SaTScan constructs numerous circular areas over each map and determines whether the probability distribution of early stage breast cancer inside each circular area differs from that of the State as a whole. The size of these search windows varies from 0% to a specified maximum. For all models, a maximum circular search window equivalent to 4% of the population size was selected. This maximum size was selected because cancer registry staff were interested in identifying clusters within small geographic areas. This maximum window size is more than twice as large as the most populated state legislative district, more than eight times as large as the most populated census tract, and more than twenty times as large as the most populated census block group; therefore, the cluster algorithm would be able to detect a cluster in any of the scales of analysis, should one exist. A purely spatial analysis was run 999 times for each spatial scale; the Bernoulli model took nearly 10 h to examine clustering in the geocoded dataset. Significance of results was tested within the software using Monte Carlo simulation. We chose to display overlapping circular clusters so long as no pairs of centers are both in each other’s cluster, which results in amoeba-like clusters that are more plausible than isolated circular clusters. Results were visually presented using Space Time Intelligence System (STIS v1.5; Terraseer, Inc., Ann Arbor, MI).

Different algorithms for identifying local clusters using point data were also compared. Given the 10-h processing time required for SaTScan on the 1994–2002 geocoded data, these analyses were limited to only three years of data: 2000–2002 (n = 14,728 early stage breast cancer cases and 4,750 late stage cases). As described above, SaTScan’s Bernoulli model was used to scan the geocoded data for clusters. As a second method, Cuzick-Edwards’ k nearest neighbor local clustering algorithm was selected (STIS). To implement this nearest neighbor algorithm, the user specifies a number of k nearest neighbors, and the method then calculates the proportion of early stage cases surrounding each early stage case using the specified k locations nearest to each case. Similar to SaTScan, this method determines whether the probability distribution of early stage breast cancer inside each k nearest neighbor search window differs from that of the State as a whole. Given interest by Cancer Registry staff of finding clusters within small geographic areas, we elected to use k = 200 nearest neighbors, yielding a search window of ~1% of the total population; similar results were observed for k = 100 and k = 300 nearest neighbors. Cuzick-Edwards’ test took 4 min to run in STIS, compared with more than 2 h for SaTScan.

Given that we were using real data with an unknown spatial pattern, it was important to assess whether or not the clusters were believed to be credible. The plausibility of the clusters was assessed using (1) known factors associated with early stage breast cancer and (2) simulations using results from the original data. First, logistic regression analyses were conducted in STIS, investigating the relationship between early stage breast cancer clusters (dependent variable: member of cluster or not) and distance from mammography clinics (2006 locations), race (black or white), and percent of population in poverty in 2000 Census Tracts (socioeconomic measure recommended by Krieger [34]). Second, simulation studies that were founded on the observed data and geography were used.

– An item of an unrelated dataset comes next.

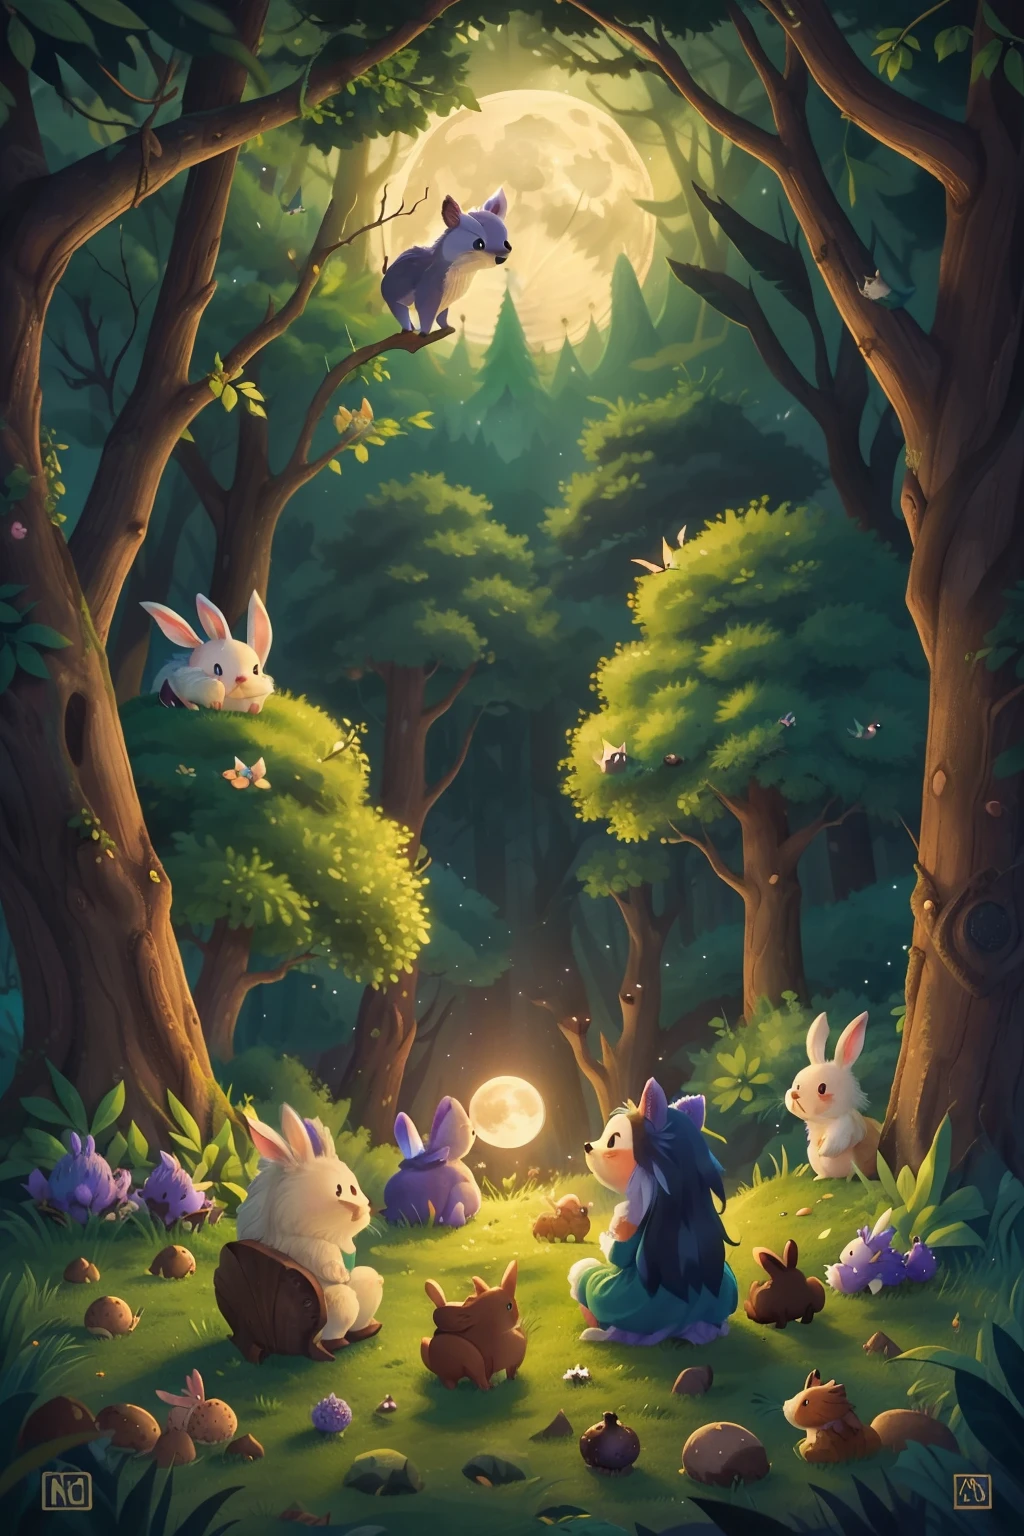 魔法森林, 满月从山后升起, 兔子和刺猬坐着看月亮

The problem often arises in disease clustering of determining the type I and type II error, and statistical power of a disease clustering method. This is accomplished to compare methods and also to evaluate, for a given disease in a specific instance, the performance of a method or set of methods. Two approaches are commonly used to address this problem. First, the analyst might take one instance of a disease (say breast cancer at stage of diagnosis in Michigan) and analyze this single map using several different methods in order to evaluate their performance. This is the first approach described above, but has the drawback in that the analyst has no idea what the true underlying disease risk actually might be. Any observed differences in the behaviors of the methods thus may be due to vagaries of the approaches themselves, or could be due to correct detection of true (but unobservable) differences in underlying risk. The second approach relies on designed simulations to evaluate statistical performance of clustering techniques for simulated disease patterns for which the underlying true risk has been created by the analyst. Here the underlying “truth” is known, but the scope of inference regarding statistical behavior of the methods analyzed is limited to the simulation experiment. We have modified this second approach using observed data, as now described.

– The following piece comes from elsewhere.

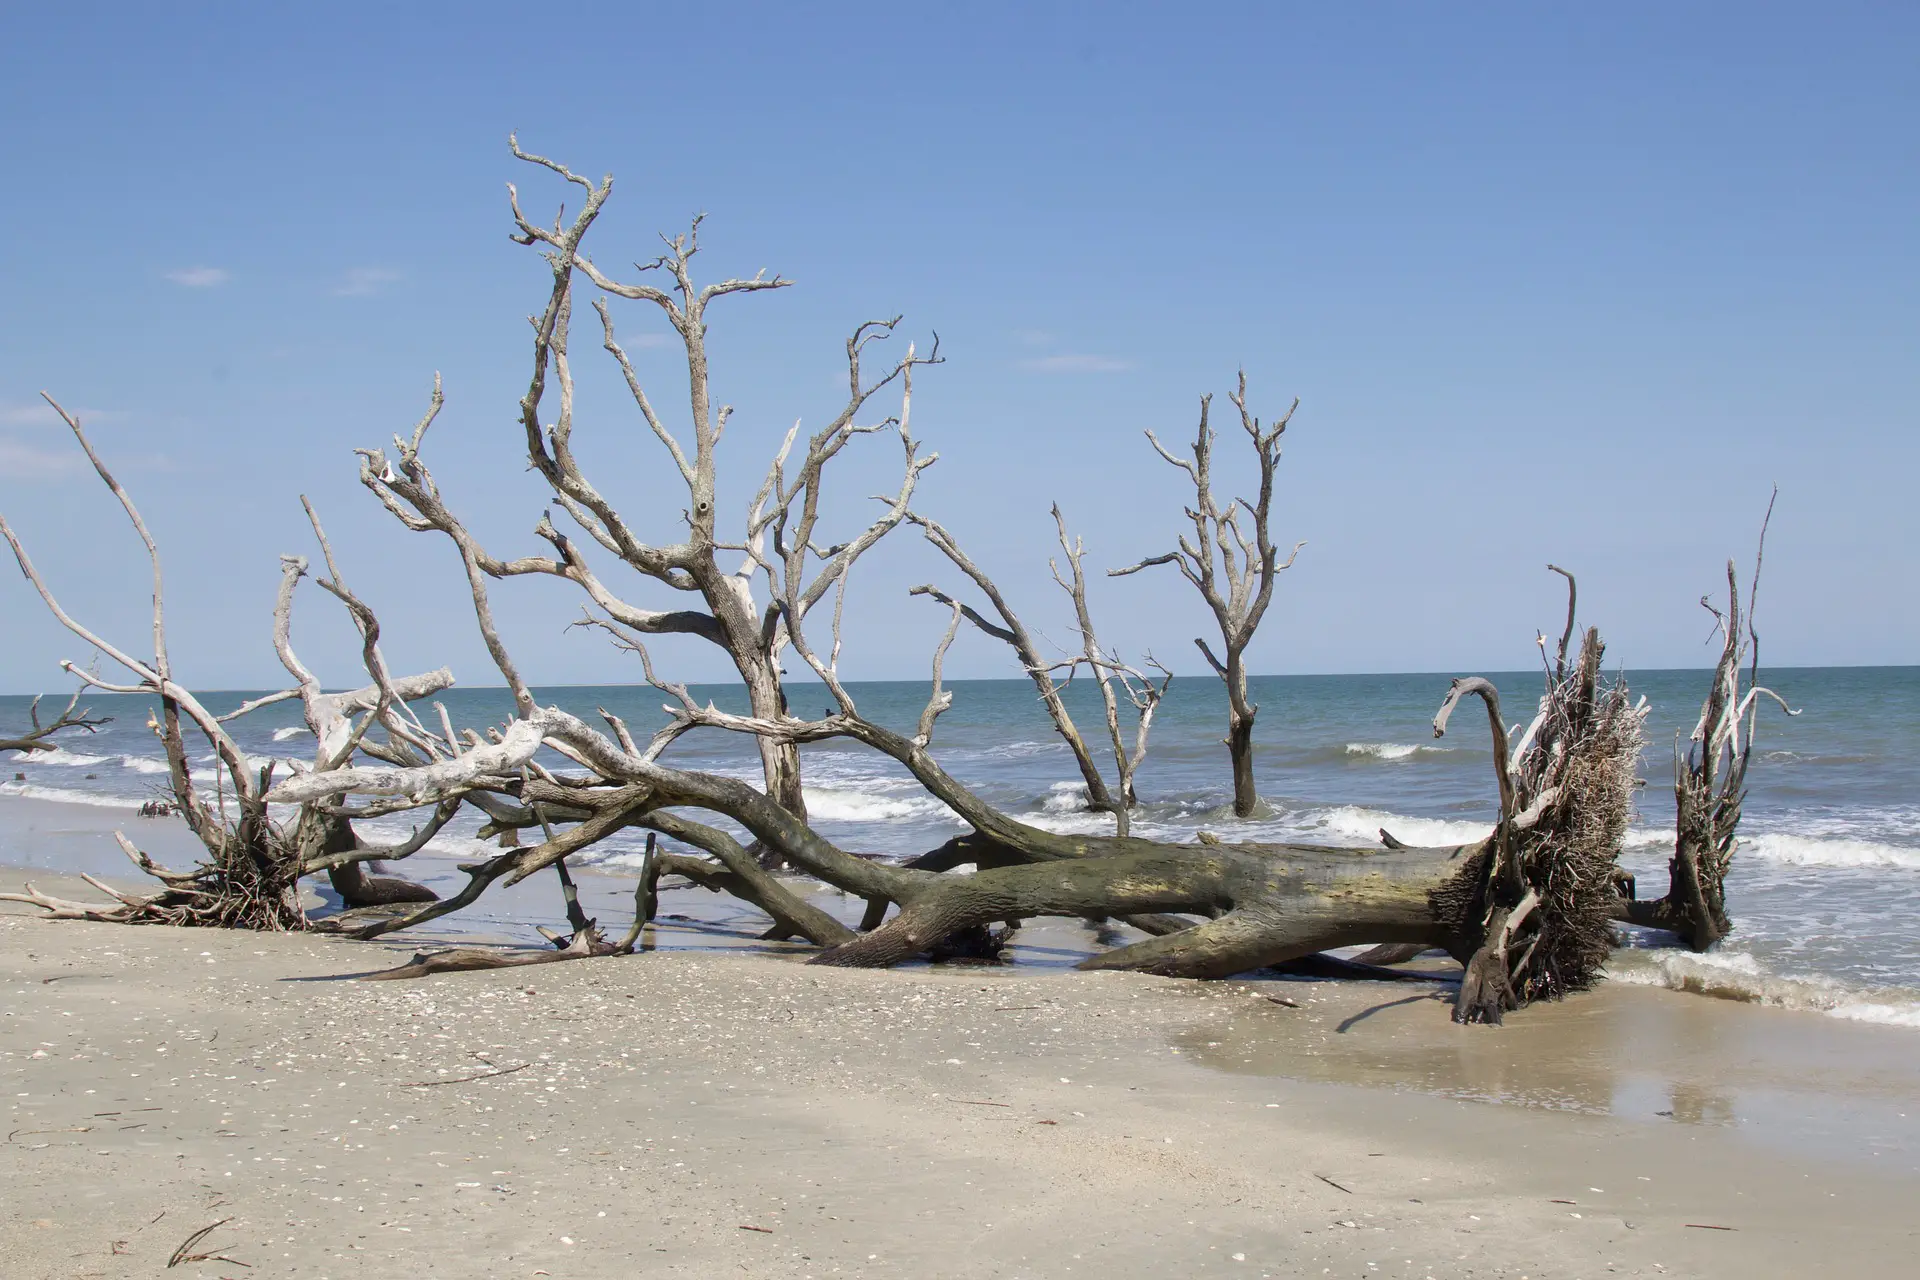 Explore South Carolina state park beaches

We are interested in determining whether Cuzick-Edwards’ test correctly detects “true” members of clusters characterized by a given level of relative risk (RR). The objective of the simulation is to evaluate type I and type II errors, using the observed population at risk and a given disease pattern. The following framework was adopted in the present article:

  1. Evaluate clustering on the observed map of geocoded data (i.e., breast cancer stage at diagnosis in Michigan) using the method M of interest, Cuzick-Edwards.

  2. For the same dataset, assign to each geocoded location a local rate computed as the proportion of breast cancer cases at an early stage of diagnosis within the k-neighbors (e.g., k = 200). The resulting map R will be considered as the true risk map for the quantification of false positives and false negatives.

  3. Evaluate the sensitivity and specificity of method M using the Receiver Operating Characteristic (ROC) curve for a given level of elevated risk. See Goovaerts [35] for details on calculation of ROC curves, as now summarized. First, specify a given RR, e.g., 1.2, and compute the RR for each location by dividing the local rate by the area-wide rate. Identify all locations on map R with a RR ≥ 1.2; these are defined to be “true” members of clusters. The ROC curve plots the probability of false positive versus the probability of detection. The y-axis represents the proportion of correctly detected clusters (in our example the number of locations with a local RR ≥ 1.2 that have been classified as a cluster member by the method M), while the x-axis represents the proportion of true clusters that have been wrongly declared significant. This is repeated for different significance levels (identified with the p-values of the tests) to generate an ROC curve.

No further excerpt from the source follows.